» **Exercise**
An exact, picture-free copy of the listing is required.

» **Data provided**

═══

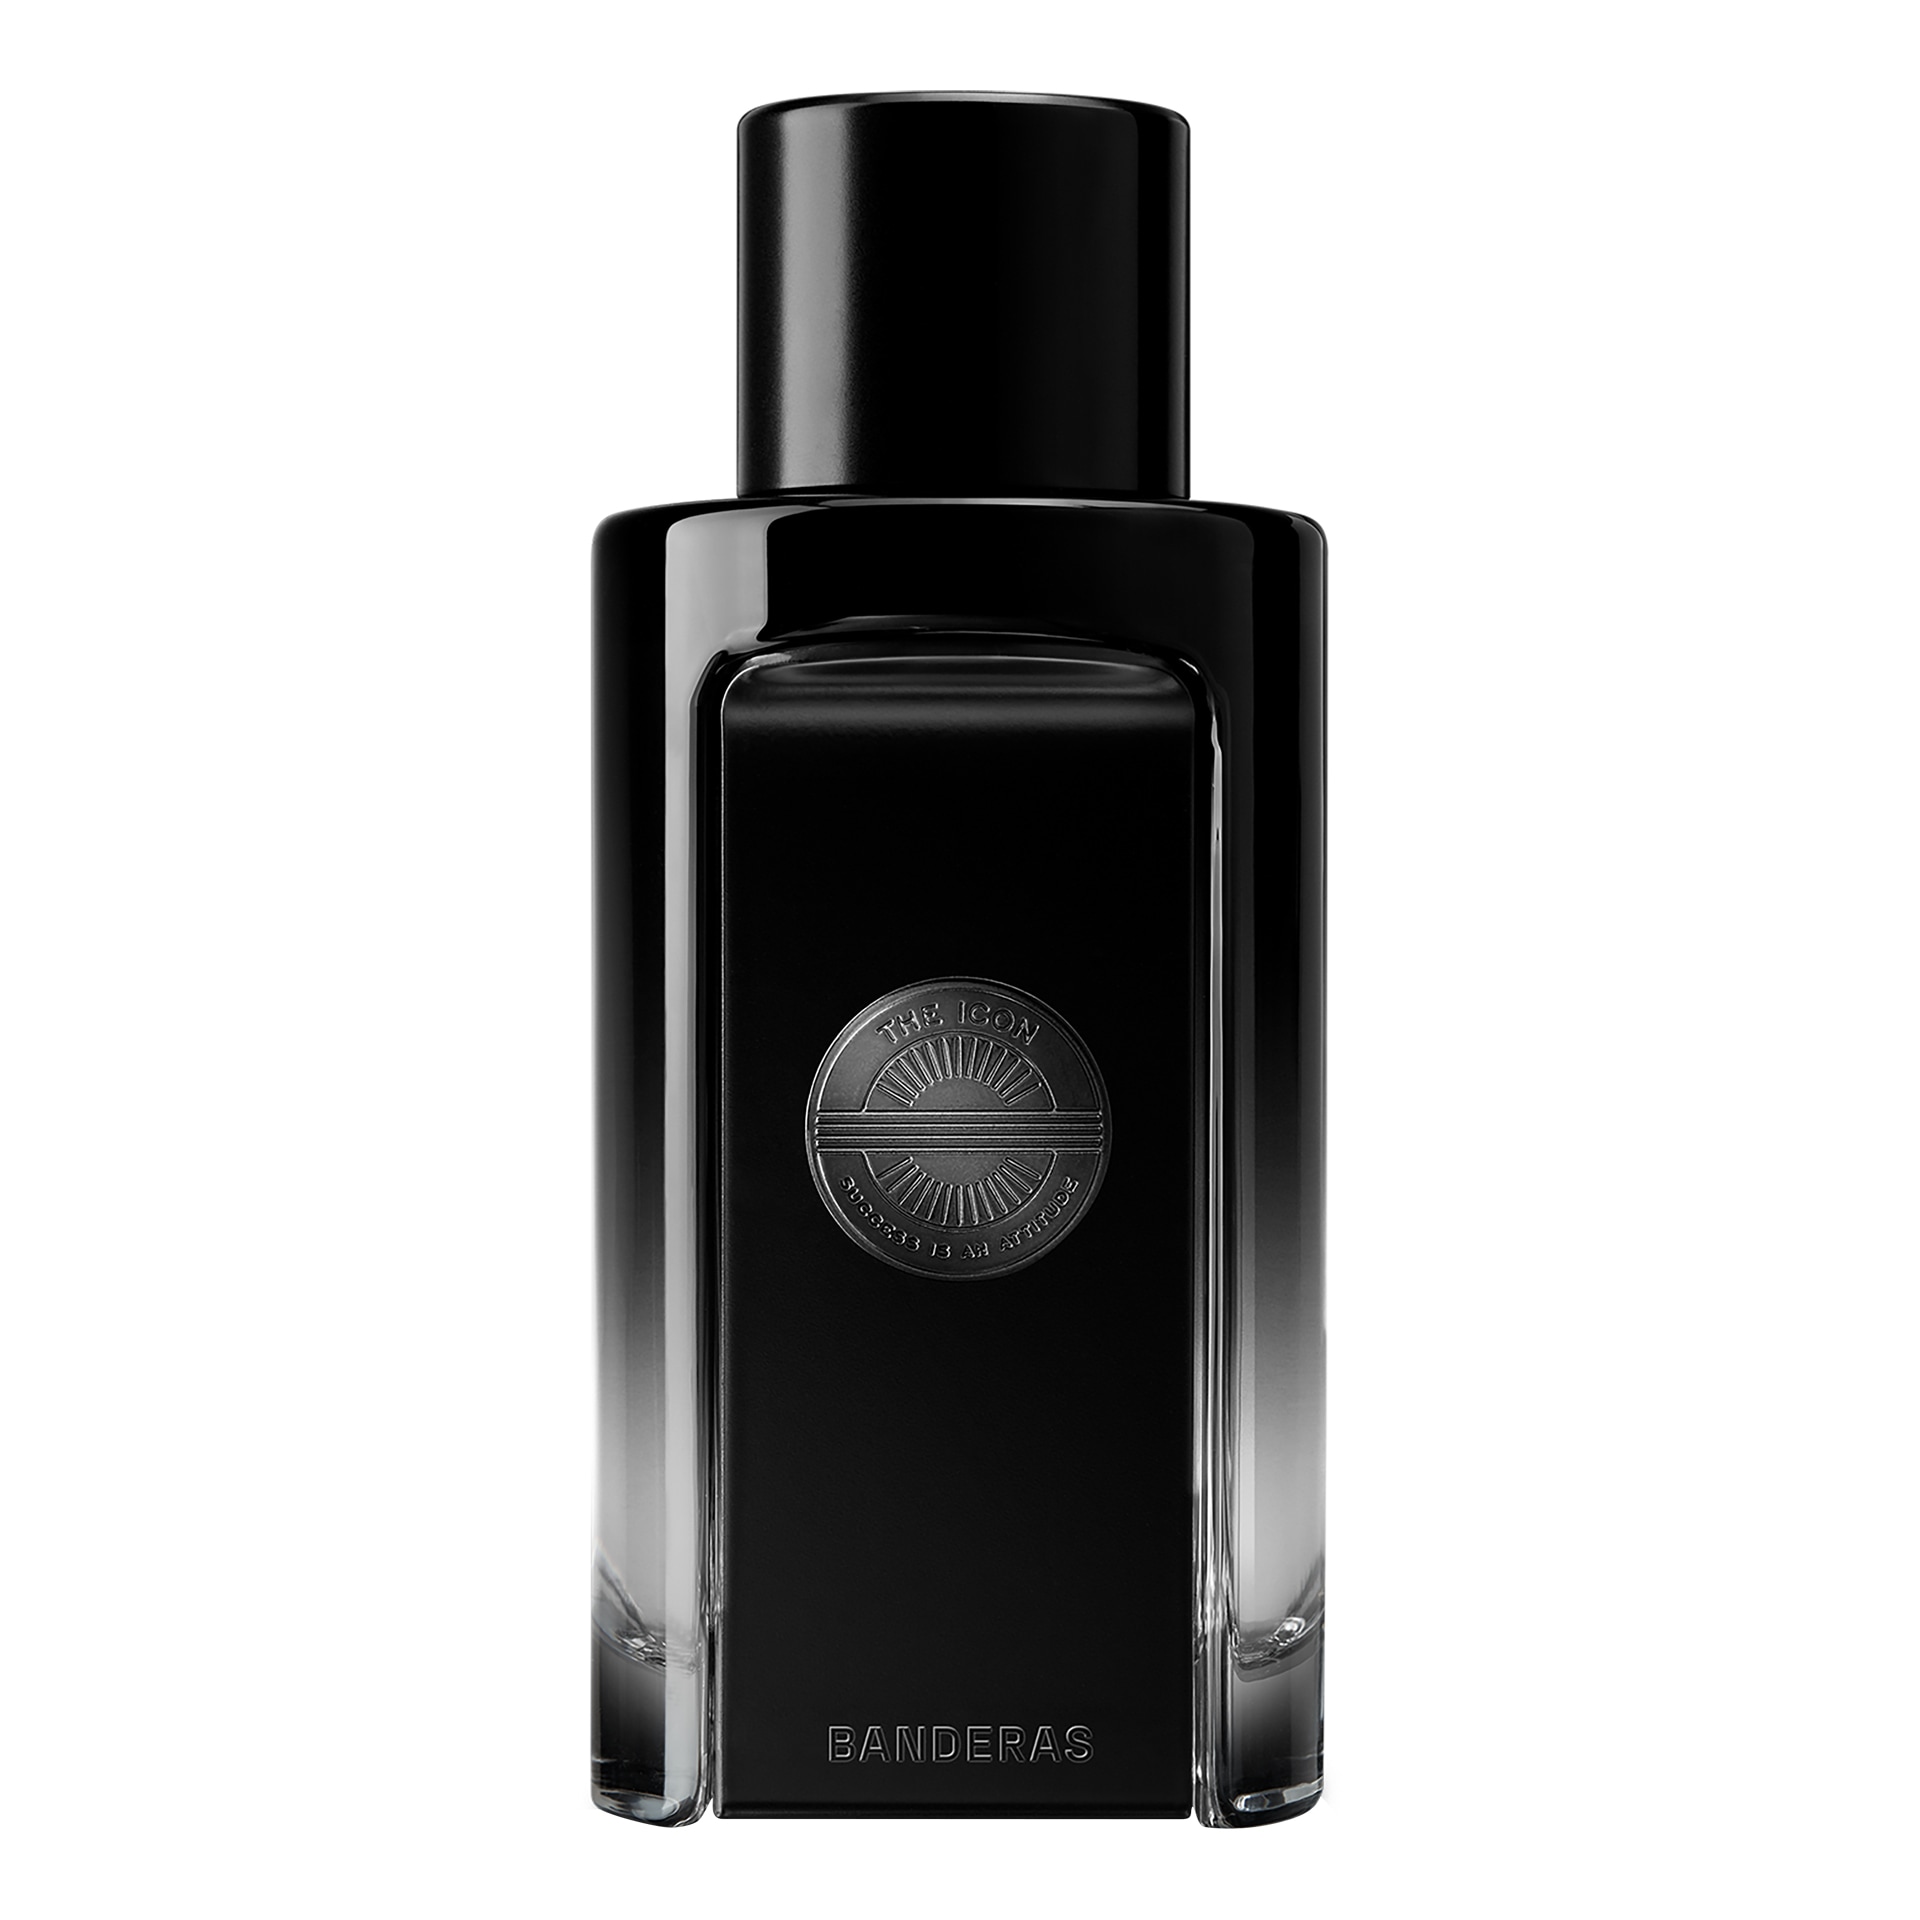 Вода парфюмерная Banderas The Icon Perfume, 100 мл antonio banderas the icon elixir 50
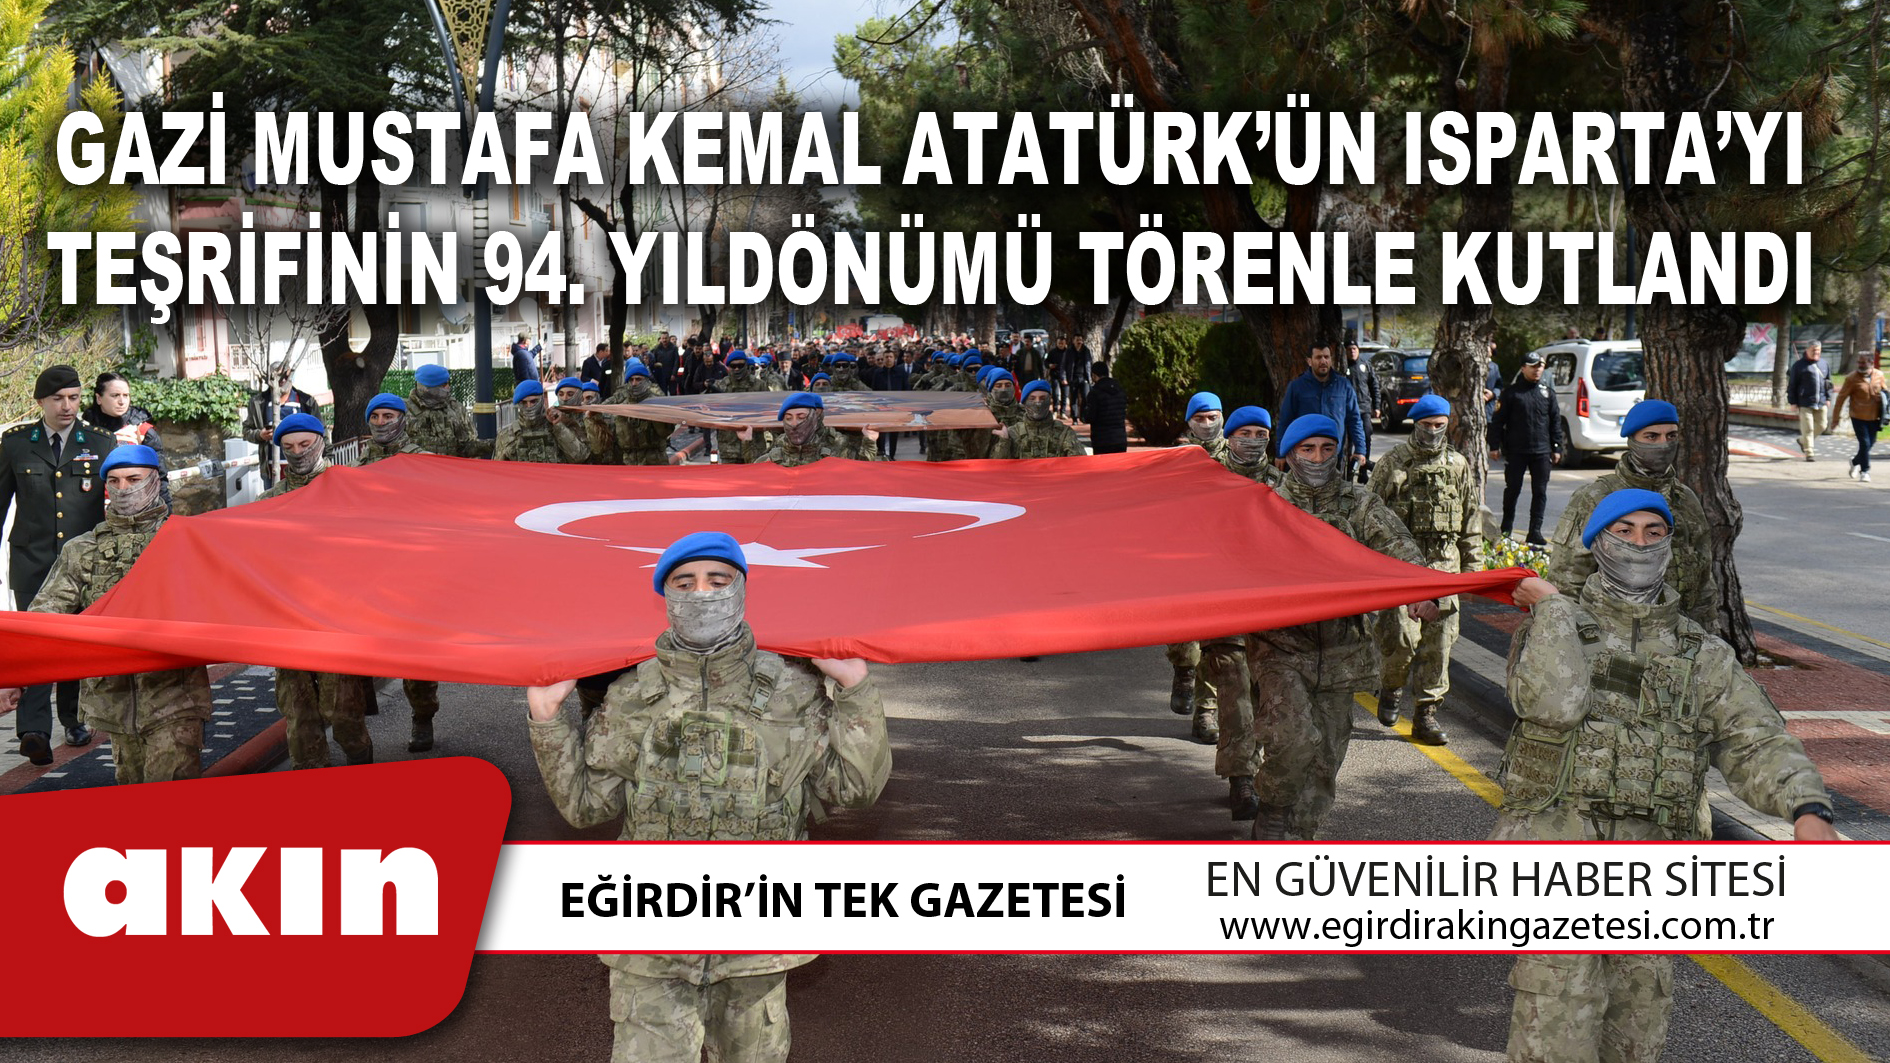 Gazi Mustafa Kemal Atatürk’ün Isparta’yı Teşrifinin 94. Yıldönümü Törenle Kutlandı
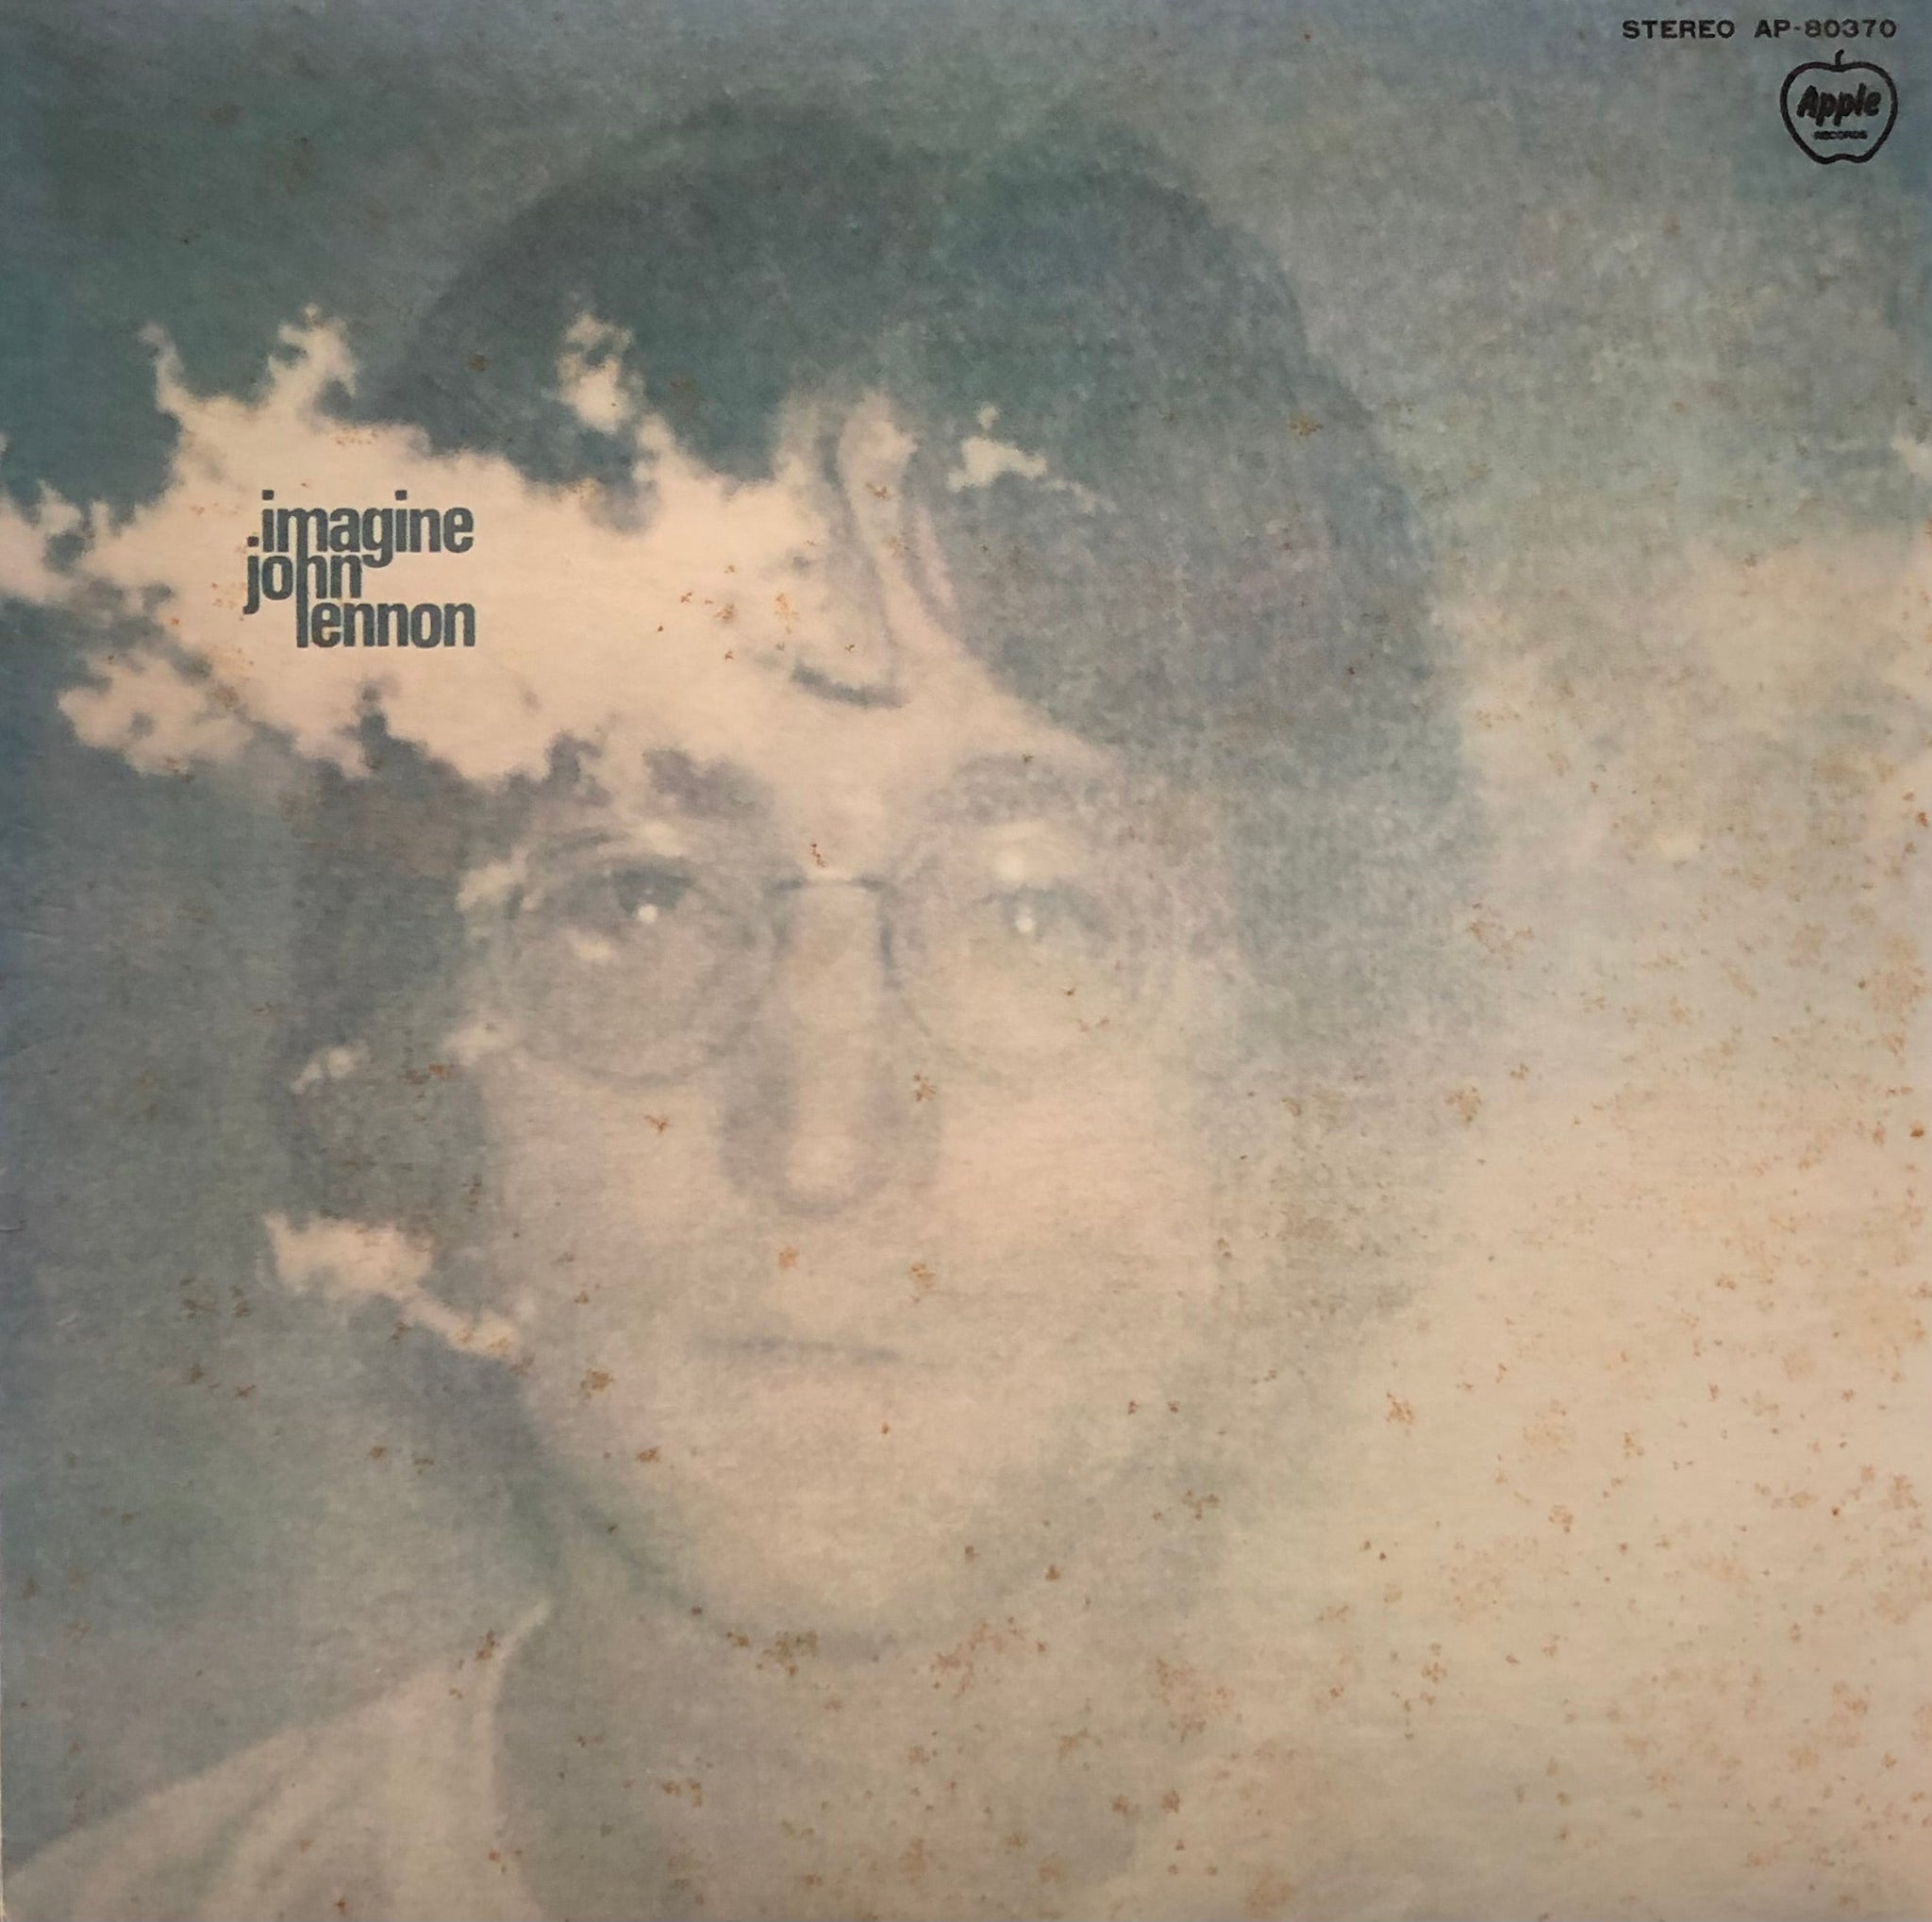 John lennon 【imagine】LPレコード 赤盤 - 洋楽

═══

» **Task result**
 Вода парфюмерная Banderas The Icon Perfume, 100 мл antonio banderas the icon elixir 50
 Gazi Mustafa Kemal Atatürk’ün Isparta’yı Teşrifinin 94. Yıldönümü Törenle Kutlandı
 John lennon 【imagine】LPレコード 赤盤 - 洋楽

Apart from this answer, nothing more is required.